--- Supplied data ---

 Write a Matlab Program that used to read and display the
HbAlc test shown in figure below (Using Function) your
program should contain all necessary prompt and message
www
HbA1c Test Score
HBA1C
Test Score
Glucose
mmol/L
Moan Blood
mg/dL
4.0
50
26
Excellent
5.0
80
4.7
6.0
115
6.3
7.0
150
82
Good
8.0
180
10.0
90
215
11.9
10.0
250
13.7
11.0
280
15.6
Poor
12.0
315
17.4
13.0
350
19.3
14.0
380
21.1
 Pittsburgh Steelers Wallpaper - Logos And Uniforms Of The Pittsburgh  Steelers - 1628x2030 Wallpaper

---

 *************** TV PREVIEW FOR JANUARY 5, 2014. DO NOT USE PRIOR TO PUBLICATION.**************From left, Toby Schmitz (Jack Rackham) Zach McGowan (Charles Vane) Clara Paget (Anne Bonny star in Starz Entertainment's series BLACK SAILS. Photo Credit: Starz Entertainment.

--- Task requirements ---
Restate word for word only the lines above from the line containing "Write a Matlab" to the line containing "Pittsburgh Steelers Wallpaper", both of them included.

--- Answer section ---
 Write a Matlab Program that used to read and display the
HbAlc test shown in figure below (Using Function) your
program should contain all necessary prompt and message
www
HbA1c Test Score
HBA1C
Test Score
Glucose
mmol/L
Moan Blood
mg/dL
4.0
50
26
Excellent
5.0
80
4.7
6.0
115
6.3
7.0
150
82
Good
8.0
180
10.0
90
215
11.9
10.0
250
13.7
11.0
280
15.6
Poor
12.0
315
17.4
13.0
350
19.3
14.0
380
21.1
 Pittsburgh Steelers Wallpaper - Logos And Uniforms Of The Pittsburgh  Steelers - 1628x2030 Wallpaper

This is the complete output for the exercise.